▸ **What to produce**
If pictures appear among the lines below, leave them out while you return exactly the lines from the one with "Opulent Accountants - Business" through the one with "NWT $250 FREE".

▸ **Exercise inputs**
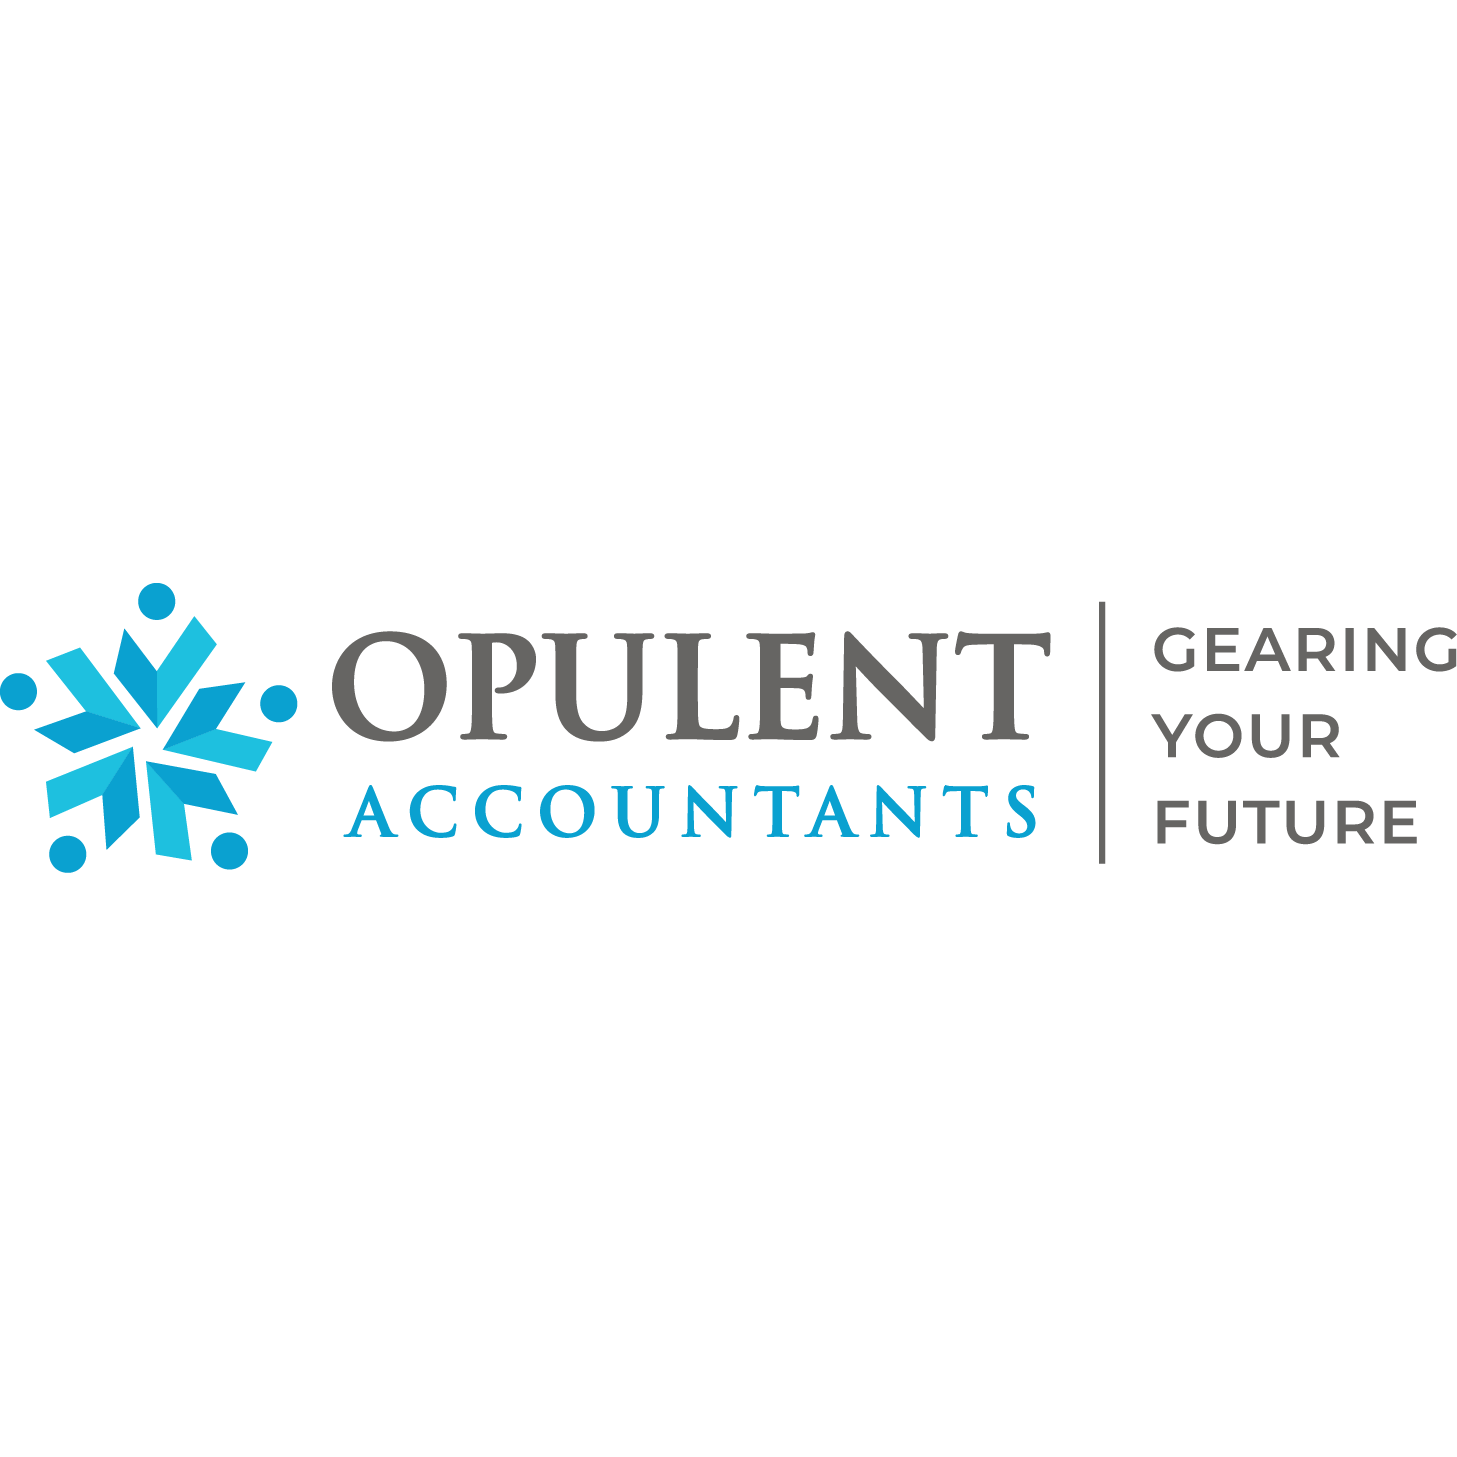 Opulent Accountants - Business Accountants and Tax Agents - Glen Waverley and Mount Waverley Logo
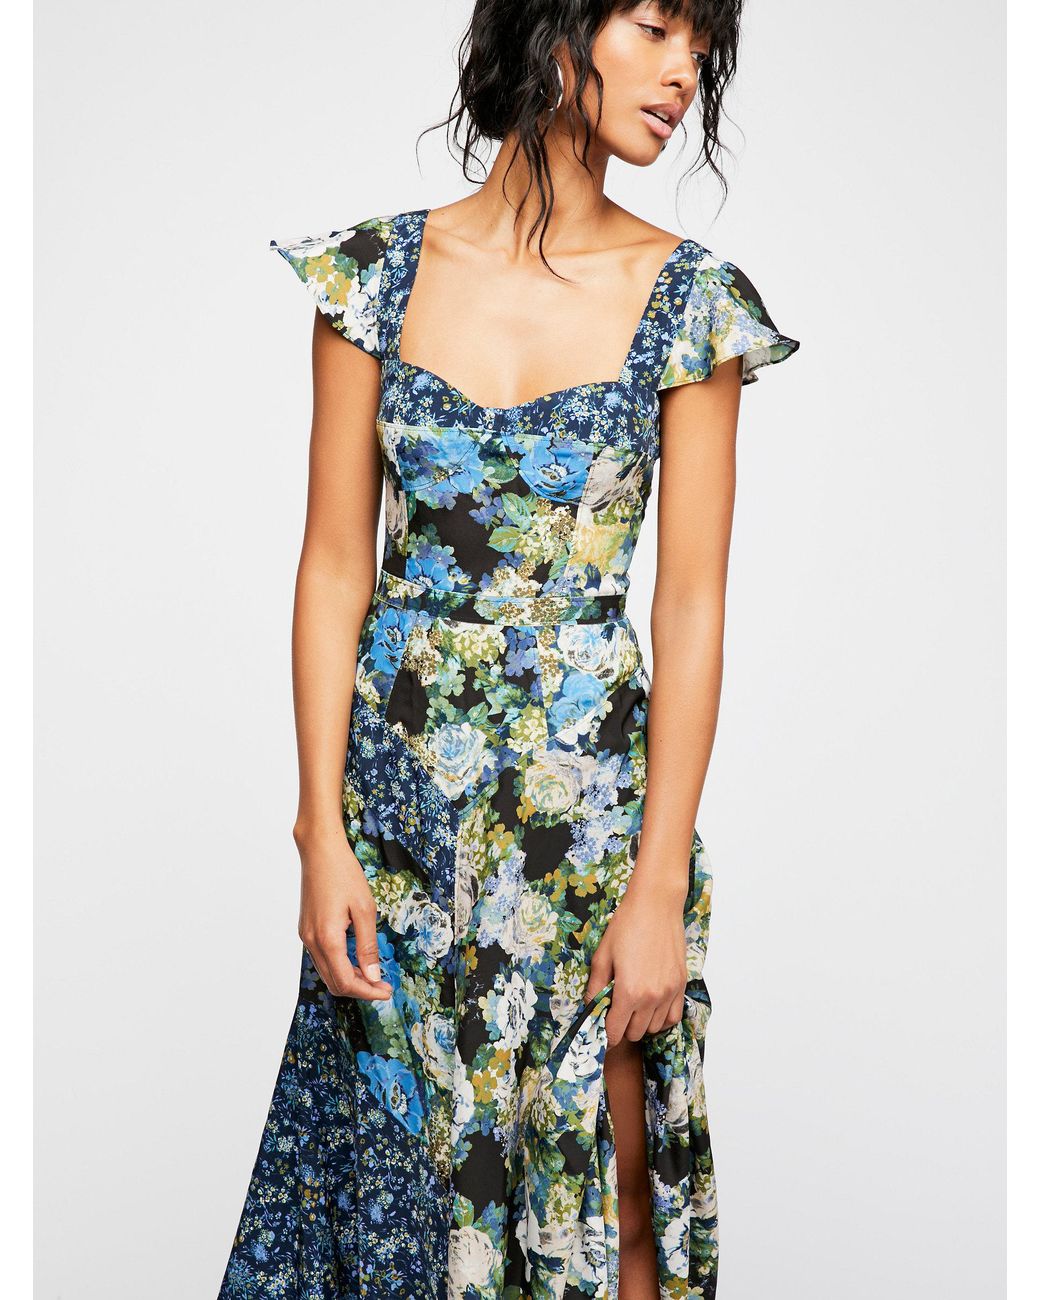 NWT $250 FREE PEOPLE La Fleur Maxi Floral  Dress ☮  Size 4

--

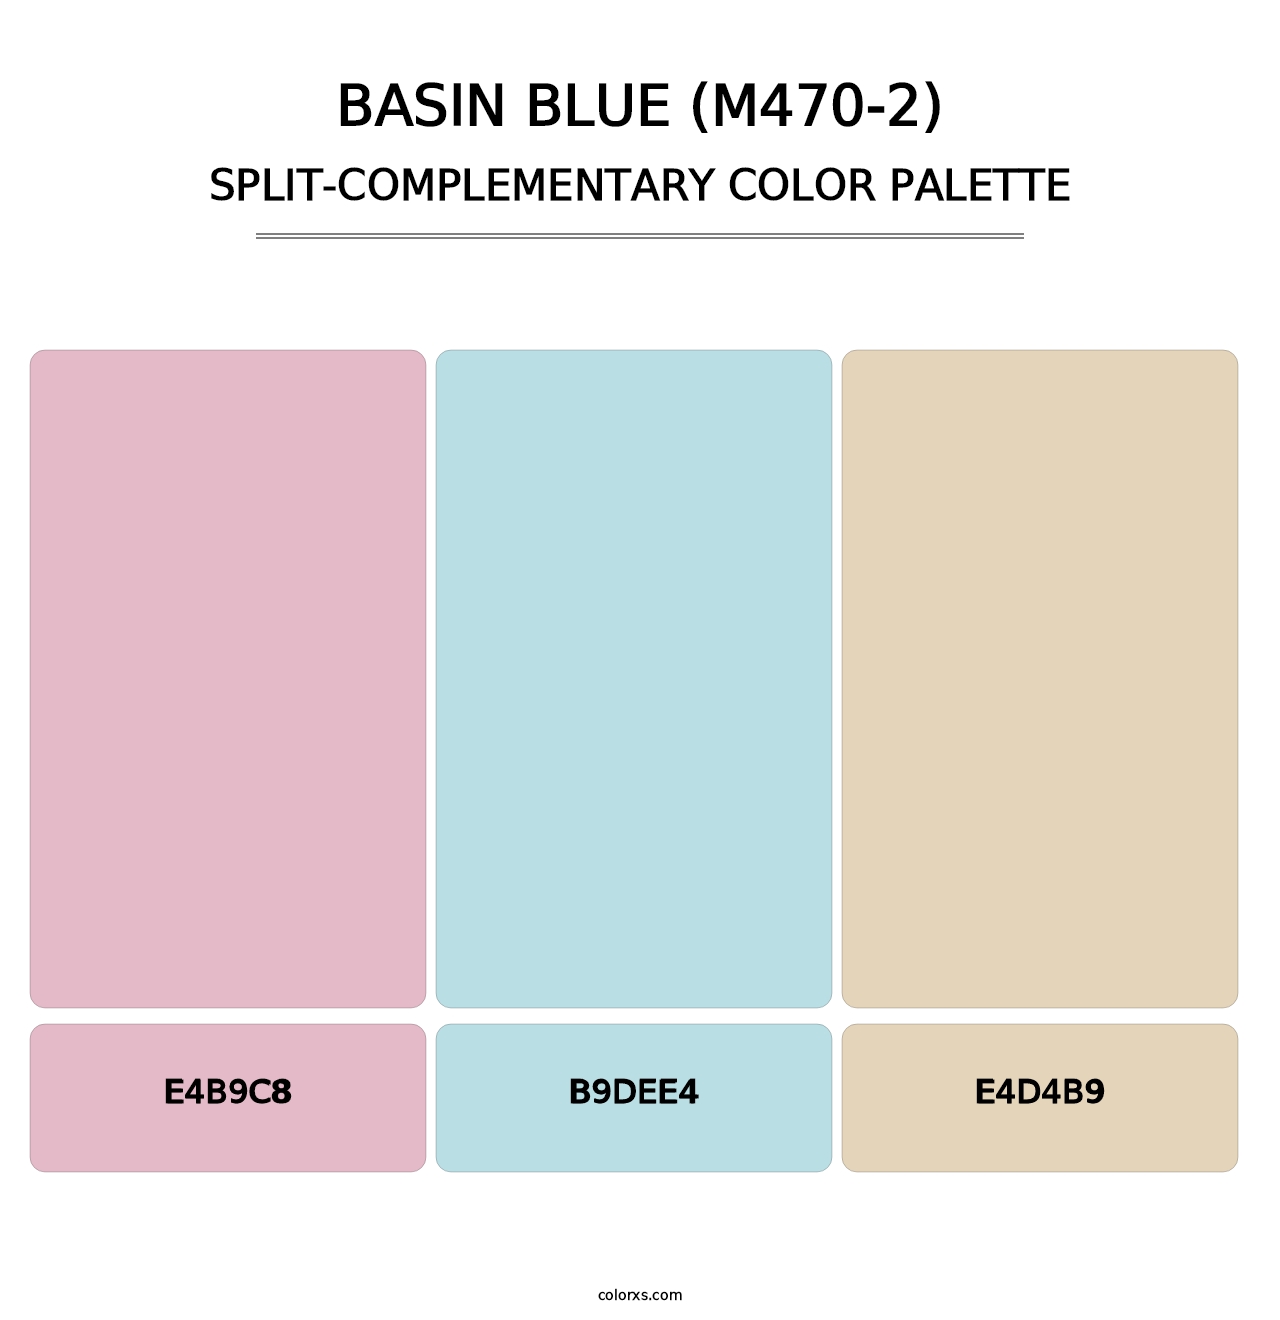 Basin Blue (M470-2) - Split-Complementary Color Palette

▸ **Response area**
 Opulent Accountants - Business Accountants and Tax Agents - Glen Waverley and Mount Waverley Logo
 NWT $250 FREE PEOPLE La Fleur Maxi Floral  Dress ☮  Size 4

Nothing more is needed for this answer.